◆ **Task requirements**
The answer should hold only the lines from the one that contains "GraphicRiver Phone UI Retina Natalie 6394698" through the last line of the material, repeated exactly, without pictures.

◆ **Data section**
****************************************
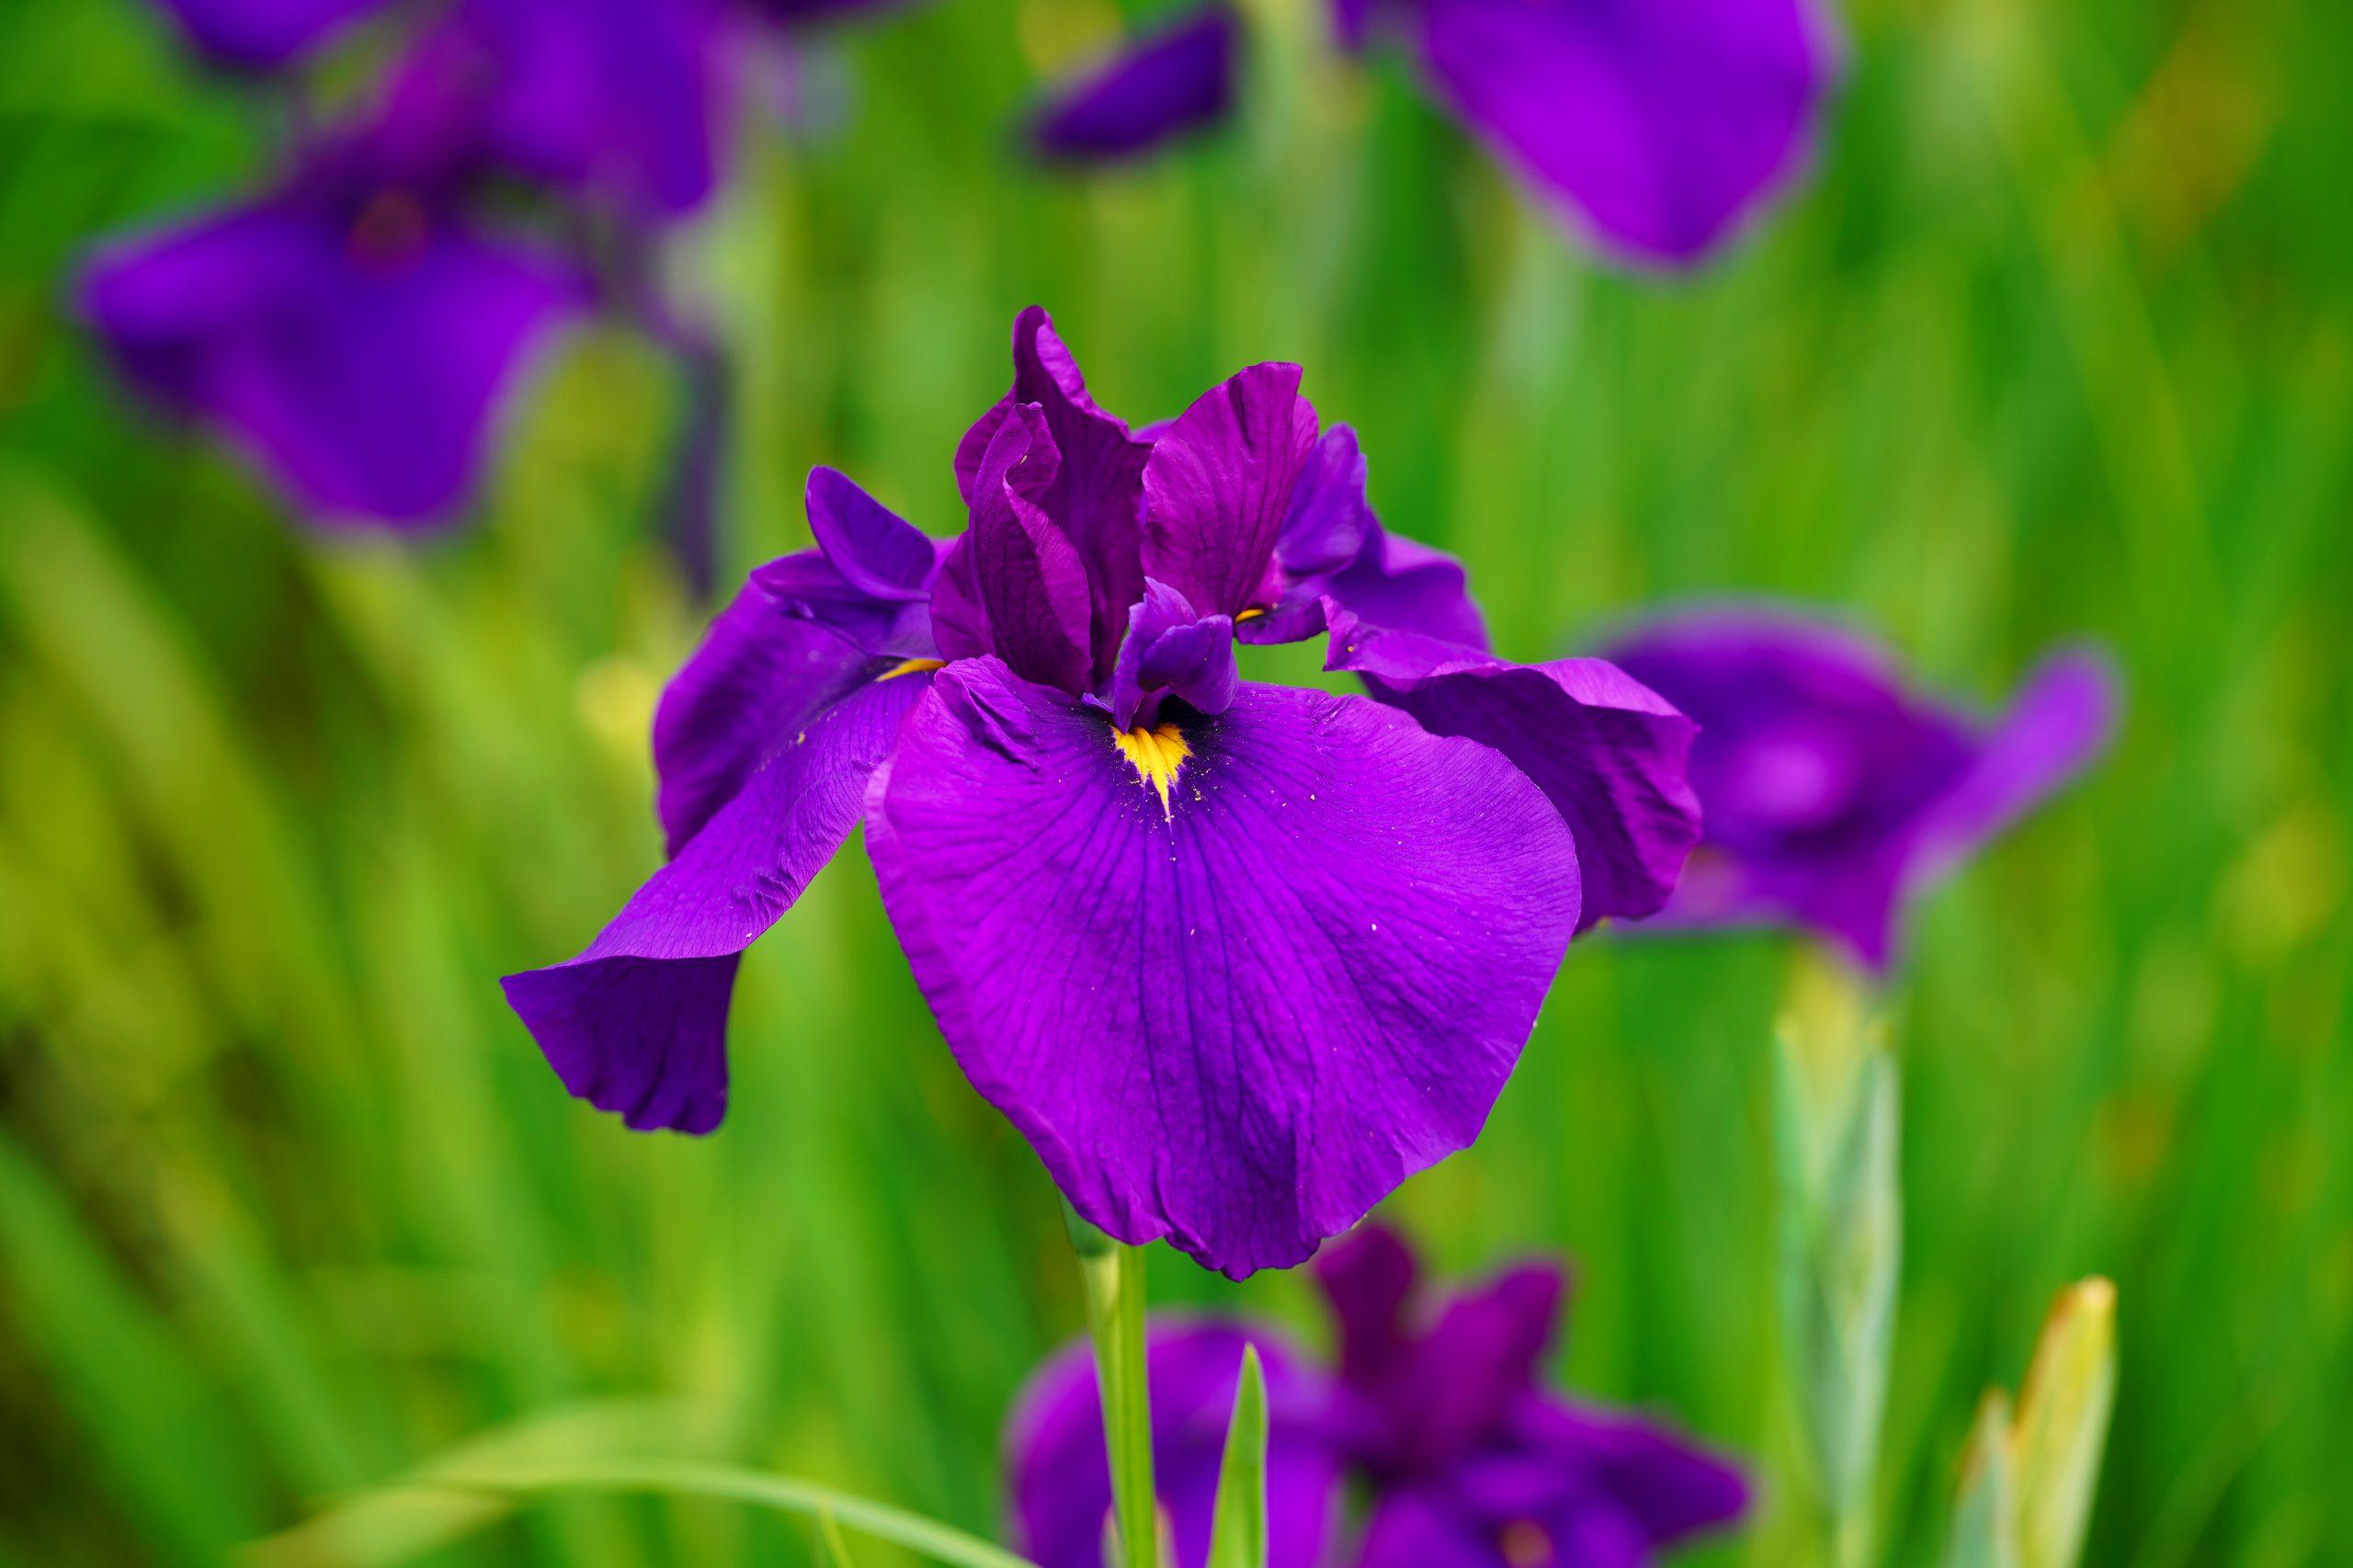 【SONY】この季節に咲く花(28)
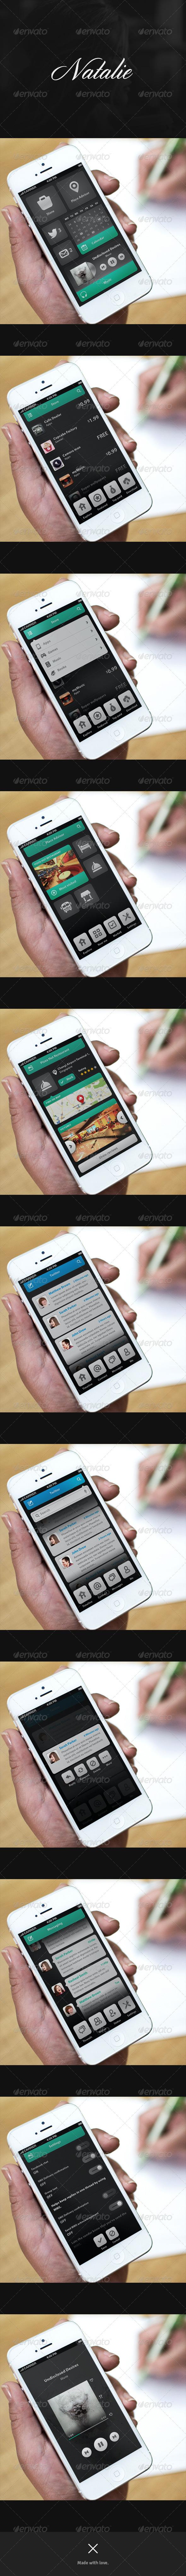 GraphicRiver Phone UI Retina Natalie 6394698
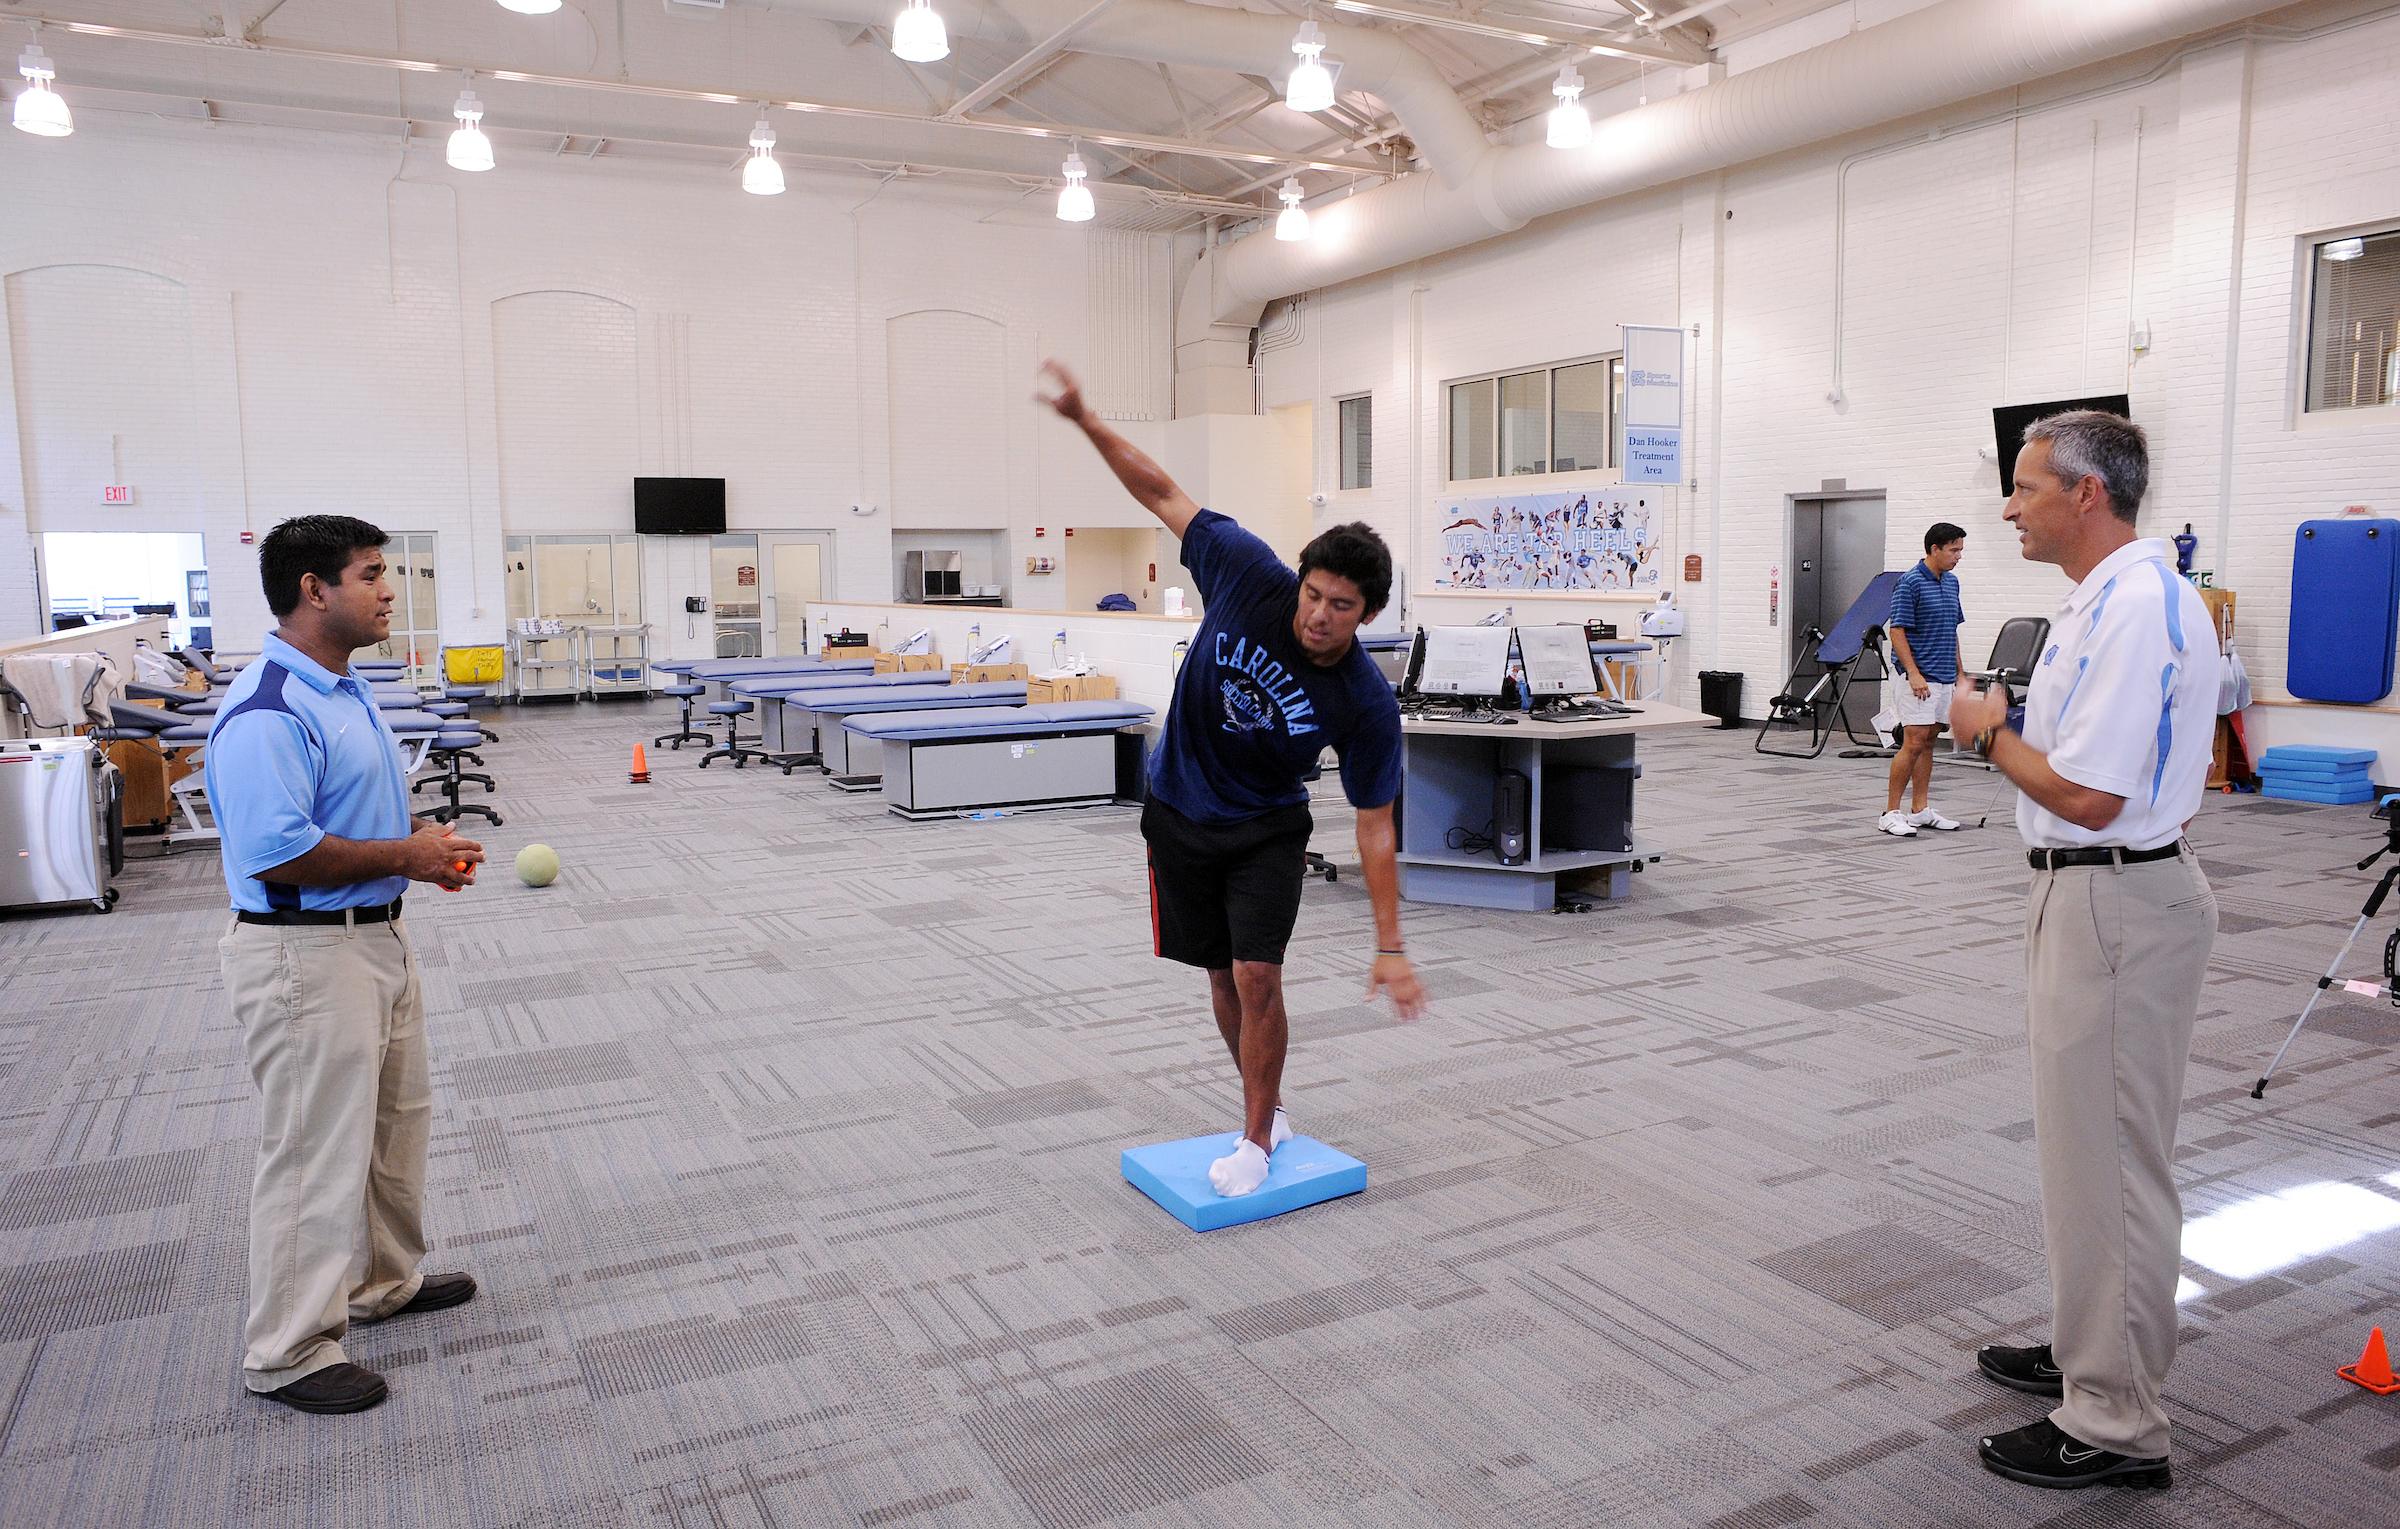 Researchers watch as a test subject balances on a small blue mat.
****************************************
◆ **Task output**
 GraphicRiver Phone UI Retina Natalie 6394698
 Researchers watch as a test subject balances on a small blue mat.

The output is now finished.